/persian-ecommerce-sentiment-analysis

"e-Commerce sentiment analysis for Persian text using ML."

Primary LanguageJupyter NotebookMIT LicenseMIT

Persian e-Commerce Sentiment Analysis

Overview

This repository contains the code and resources to training a ML model to perform sentiment analysis on Persian text. The model is trained on a dataset collected from Digikala.com, an Iranian e-Commerce website. The dataset used in the training process can be found on Kaggle here.

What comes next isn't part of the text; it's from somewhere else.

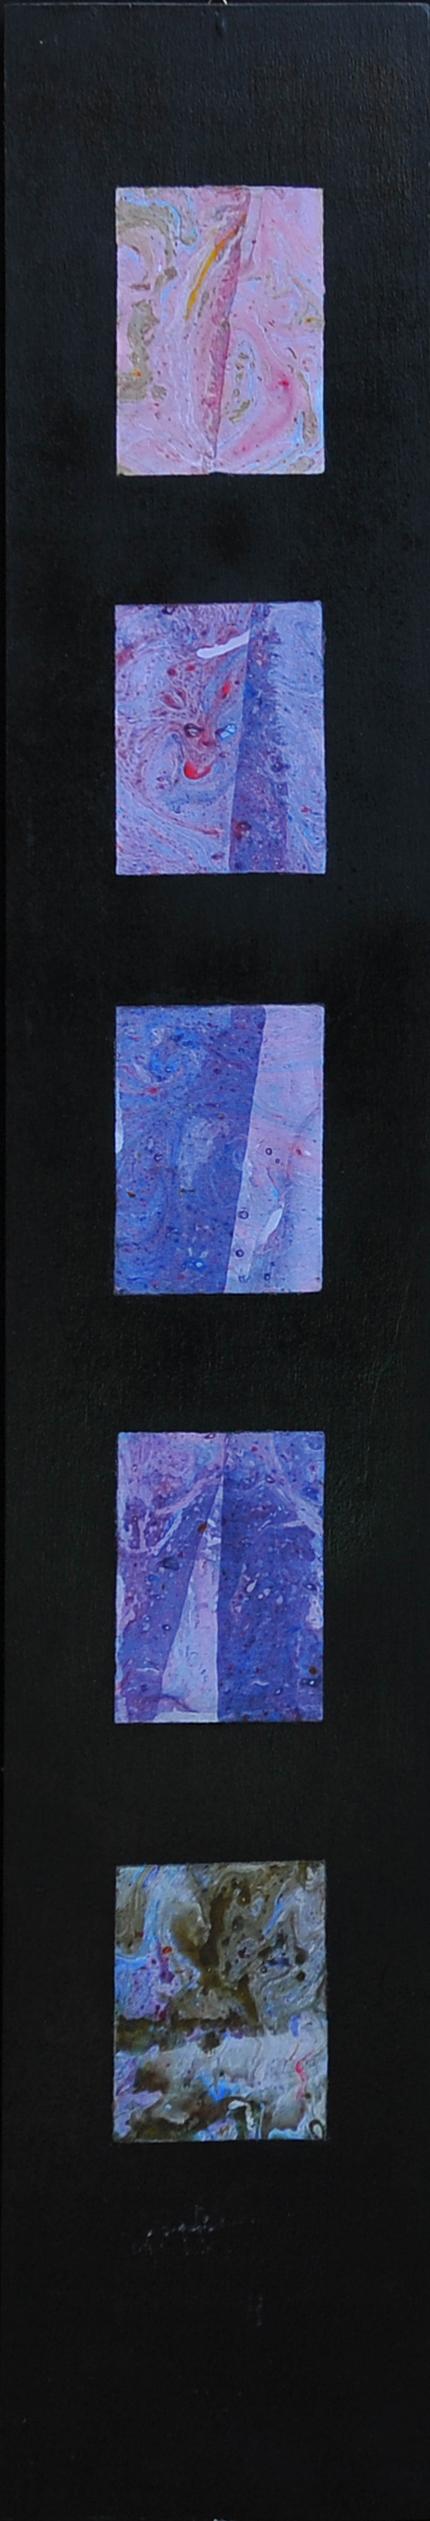 Pronto. A chi parlo. Riallacciare. 2001 Tecnica: olio su carta, cm.120x20

The data preprocessing stage included the following steps to prepare the text data for training:

  • Converting Persian numerals to Arabic numerals to ensure uniform representation of numbers.
  • Identical character conversion (e.g., 'ك' to 'ک') to increase the consistency of text processing.
  • Replacing URLs and Emojis with <URL> and <emoji> to remove noise.
  • Removing repeated letters that are used for emphasis.

Model

The model was trained using keras utilizing a feedforward neural network with multiple dense layers. Dropout layers with a dropout rate of 0.5 were added to reduce overfitting. The model is compiled with the categorical cross-entropy loss function and the Adam optimizer. You can change the parameters based on your specific requirements and dataset to optimize the model for your use case.

Parameters

# Model parameters
nb_classes = 2
batch_size = 32
nb_epochs = 10